● **MATERIAL PROVIDED**:
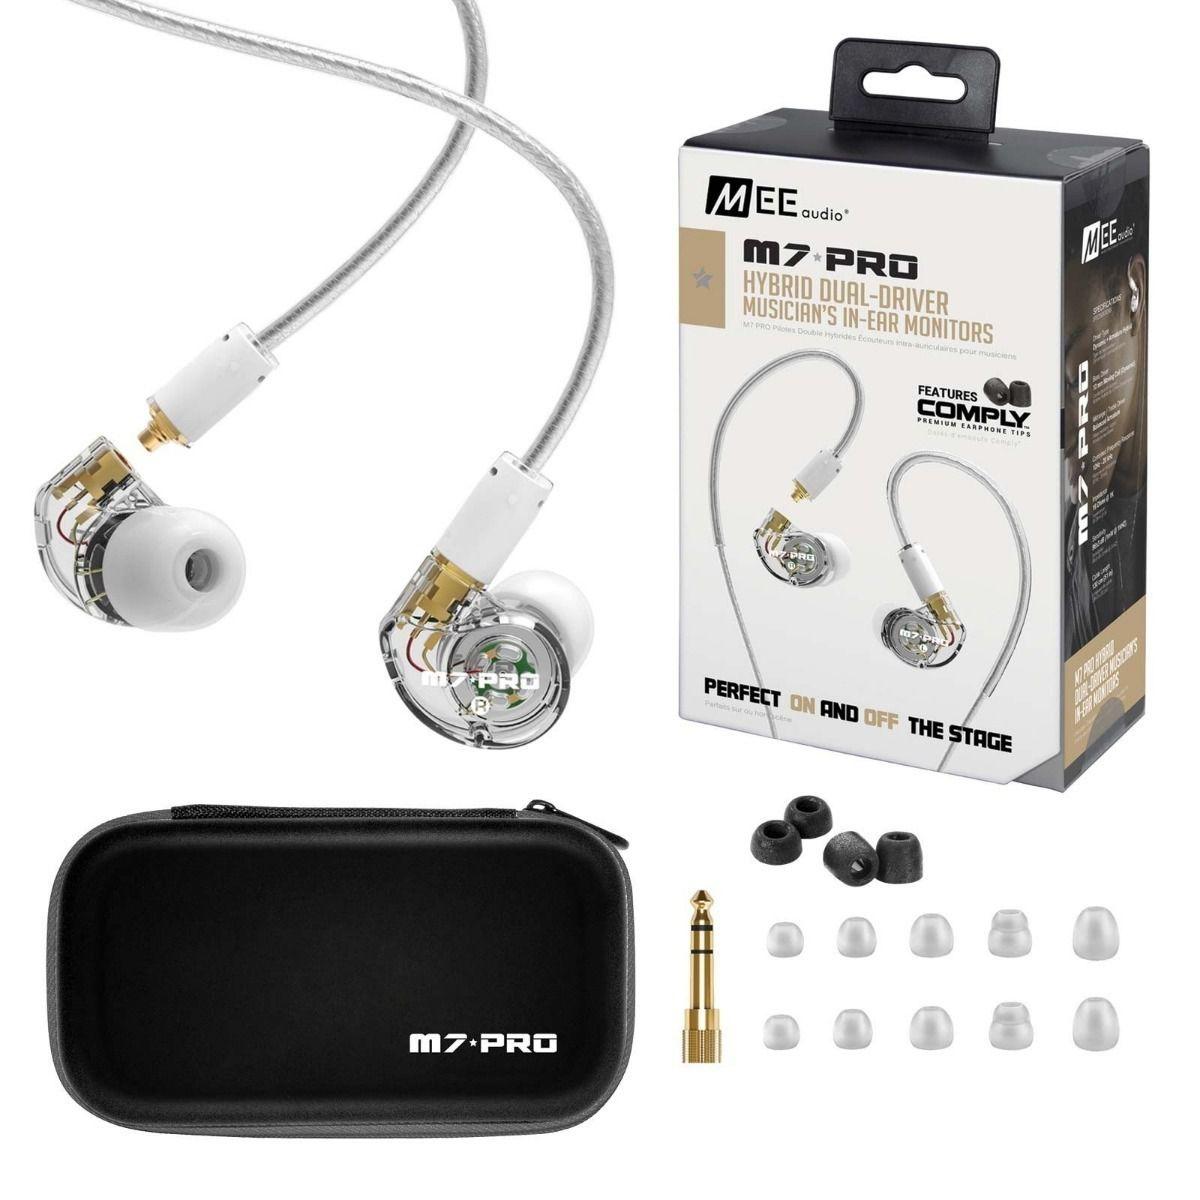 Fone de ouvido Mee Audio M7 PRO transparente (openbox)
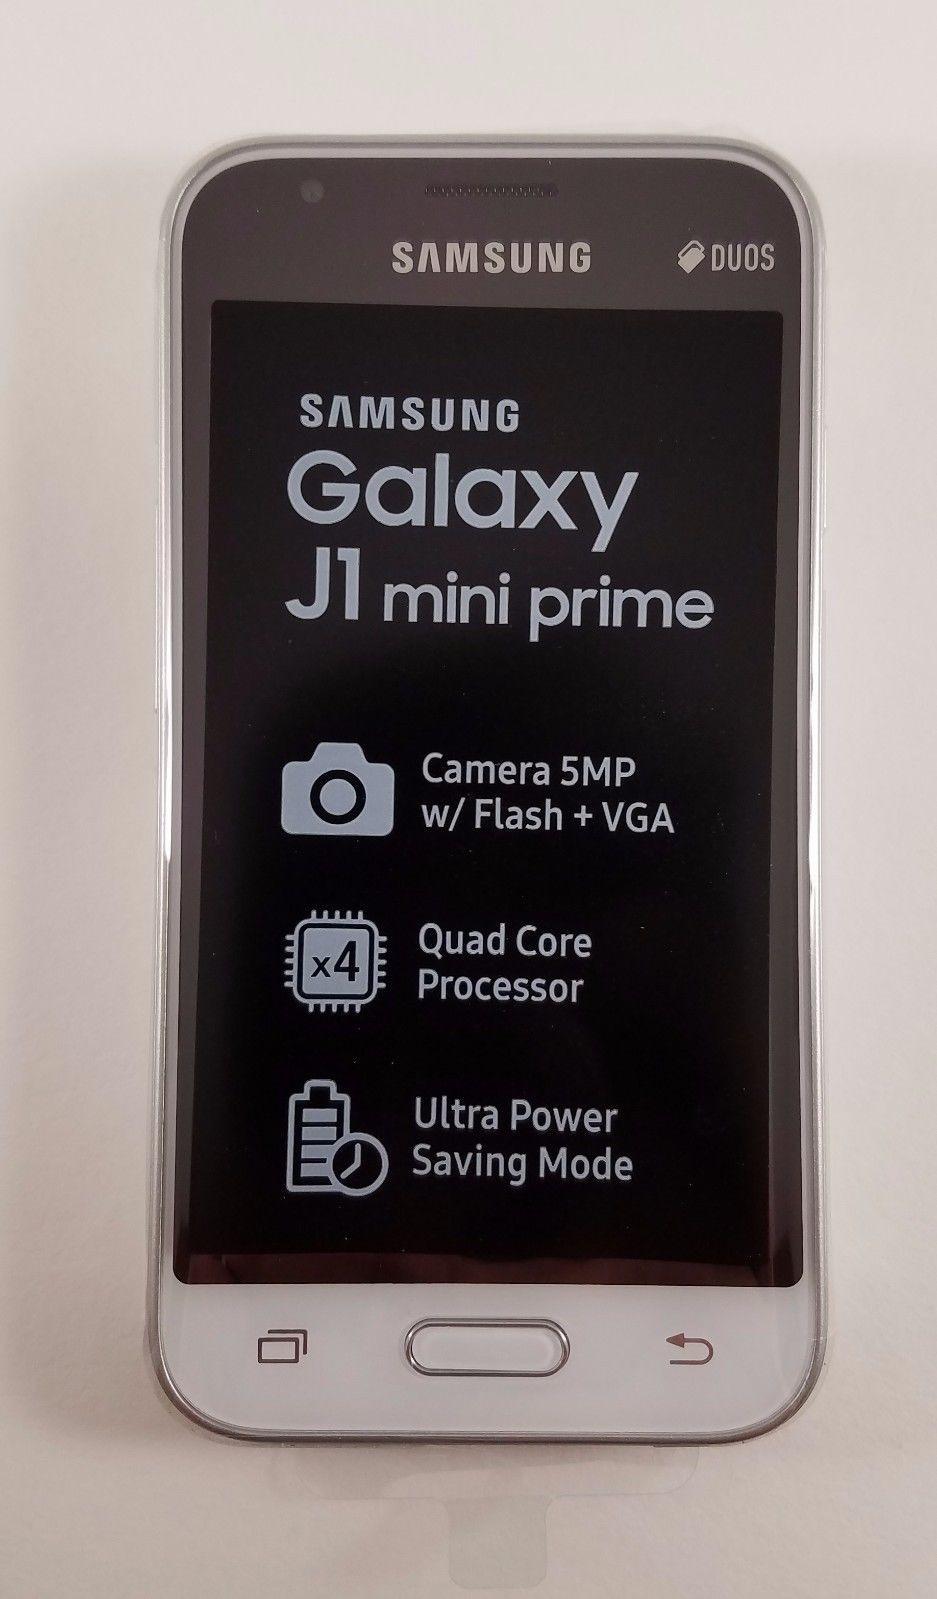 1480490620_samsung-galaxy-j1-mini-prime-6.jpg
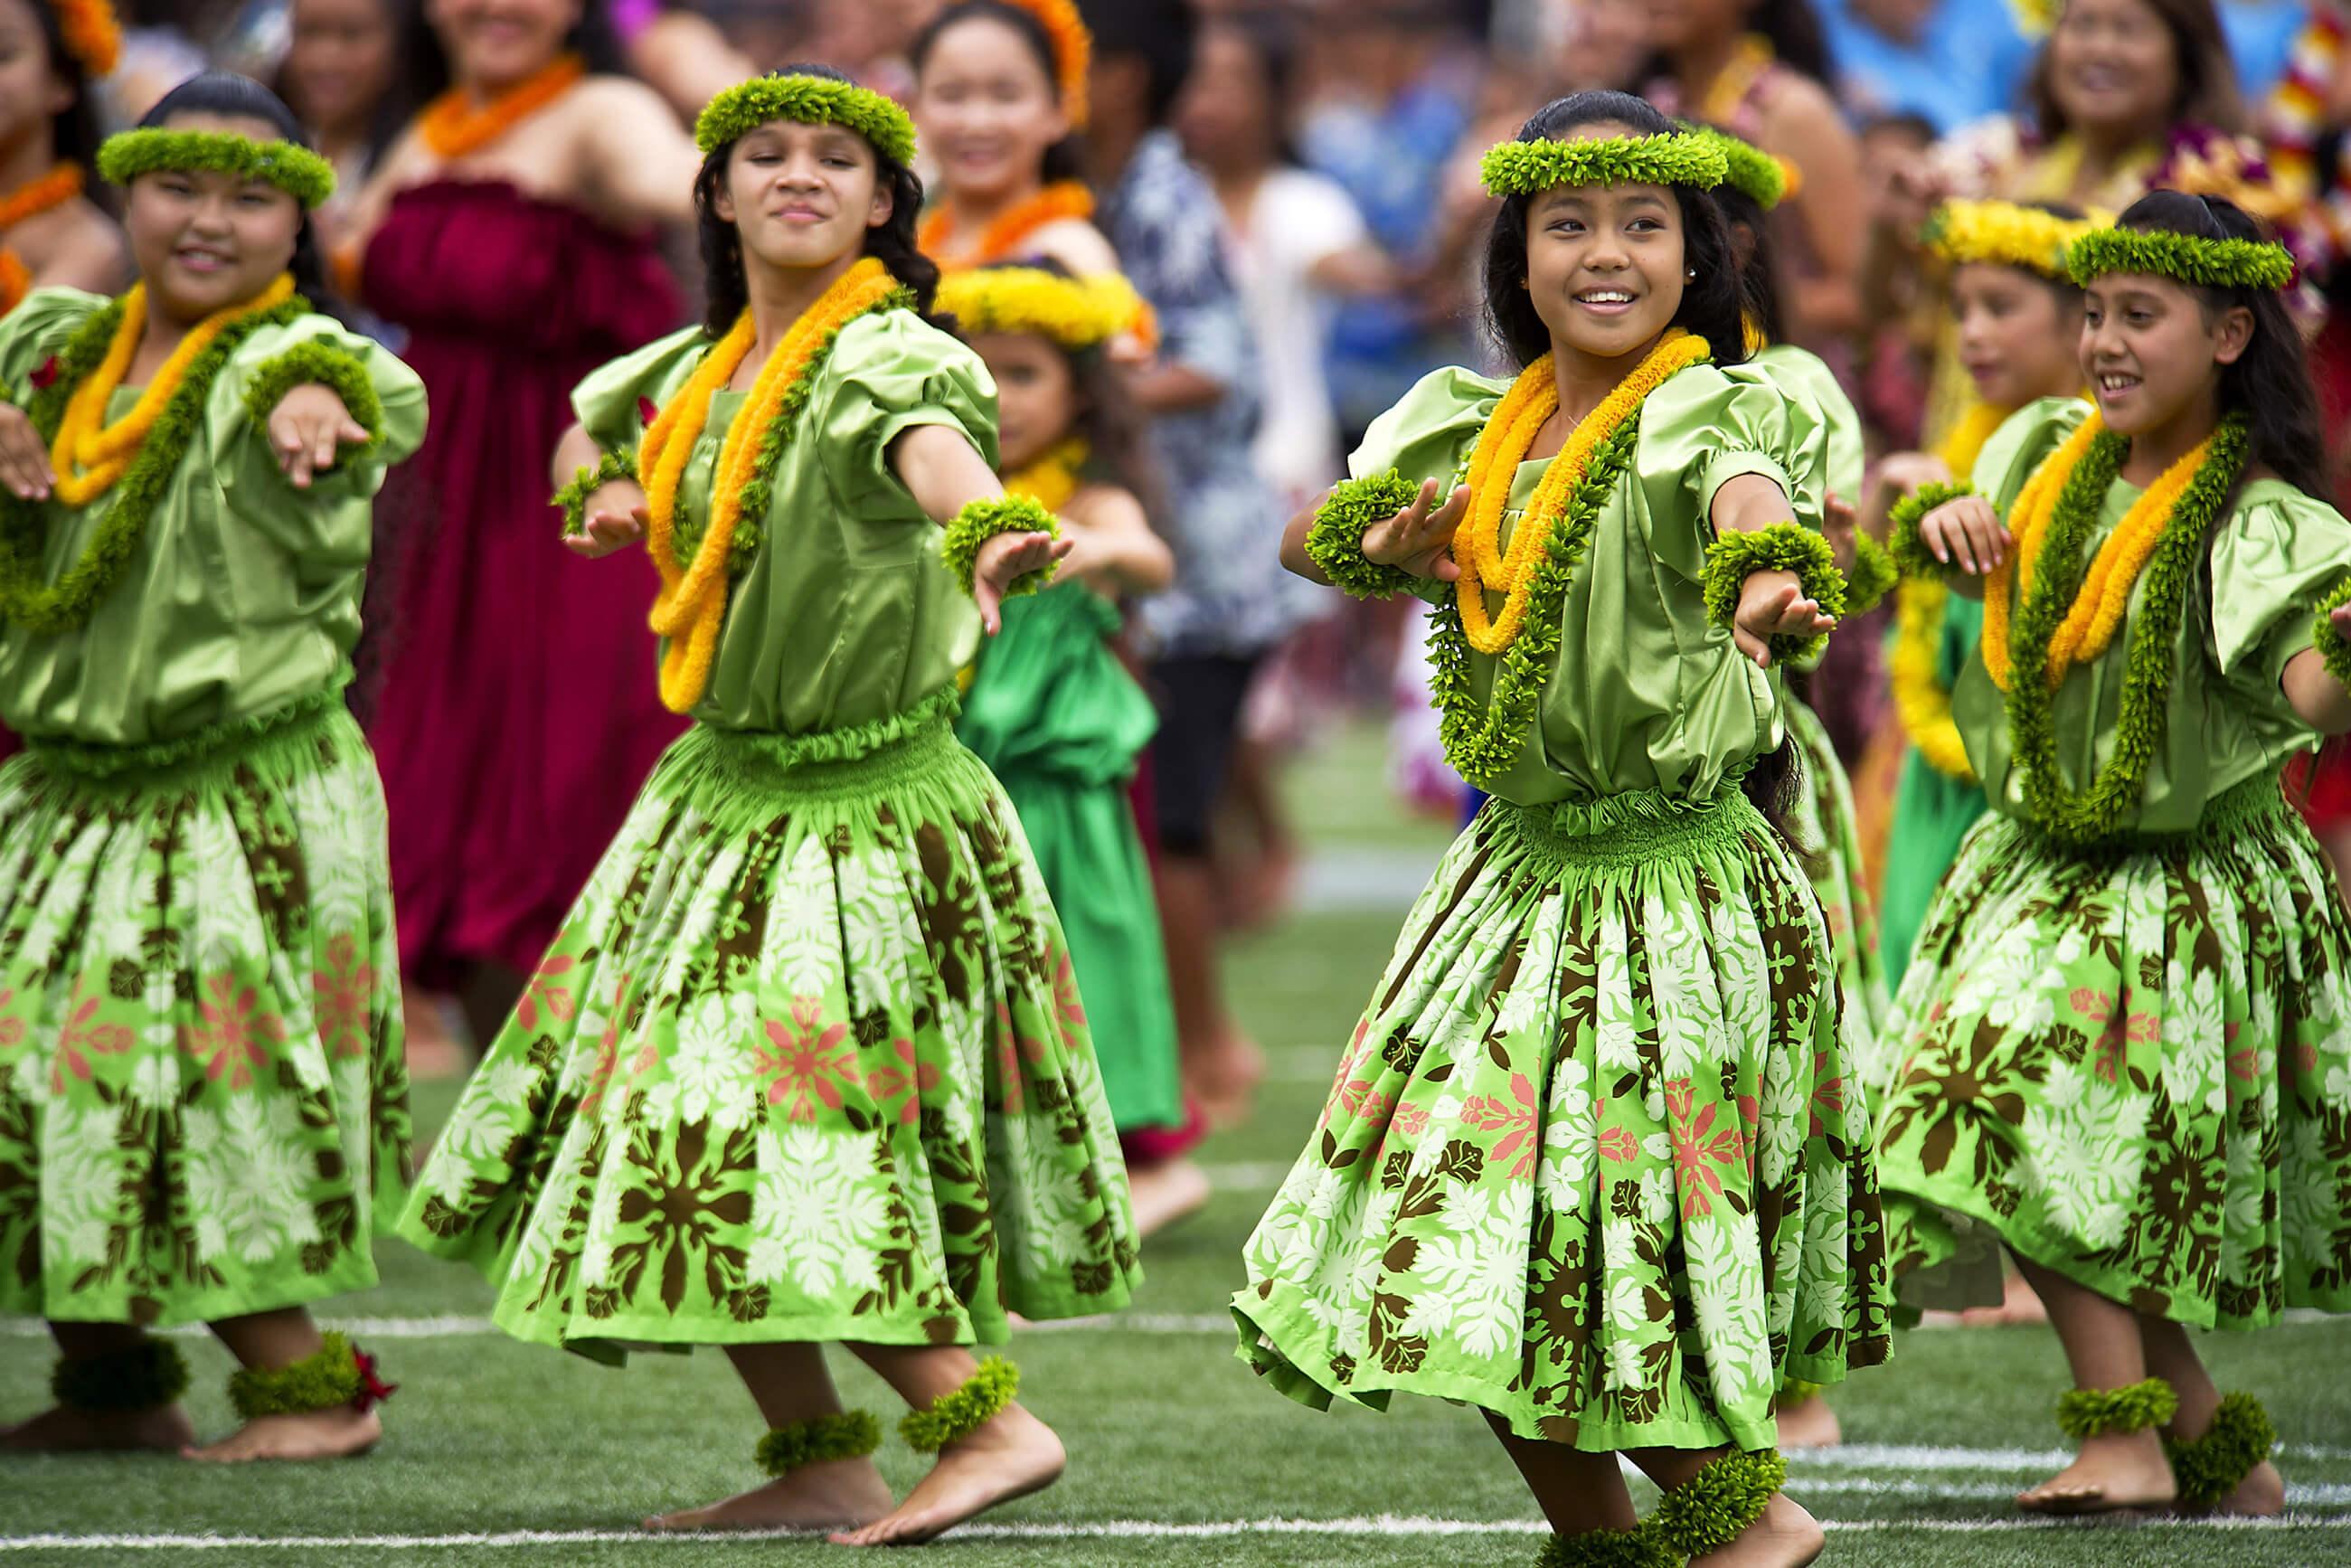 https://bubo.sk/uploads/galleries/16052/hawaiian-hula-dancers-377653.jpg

● **TASK TO COMPLETE**:
Your answer must be only the lines from the one that holds "1480490620_samsung-galaxy-j1-mini-prime-6.jpg" to the end of the listing, each restated word for word, with both ends kept and pictures left out.

● **ANSWER SECTION**:
 1480490620_samsung-galaxy-j1-mini-prime-6.jpg
 https://bubo.sk/uploads/galleries/16052/hawaiian-hula-dancers-377653.jpg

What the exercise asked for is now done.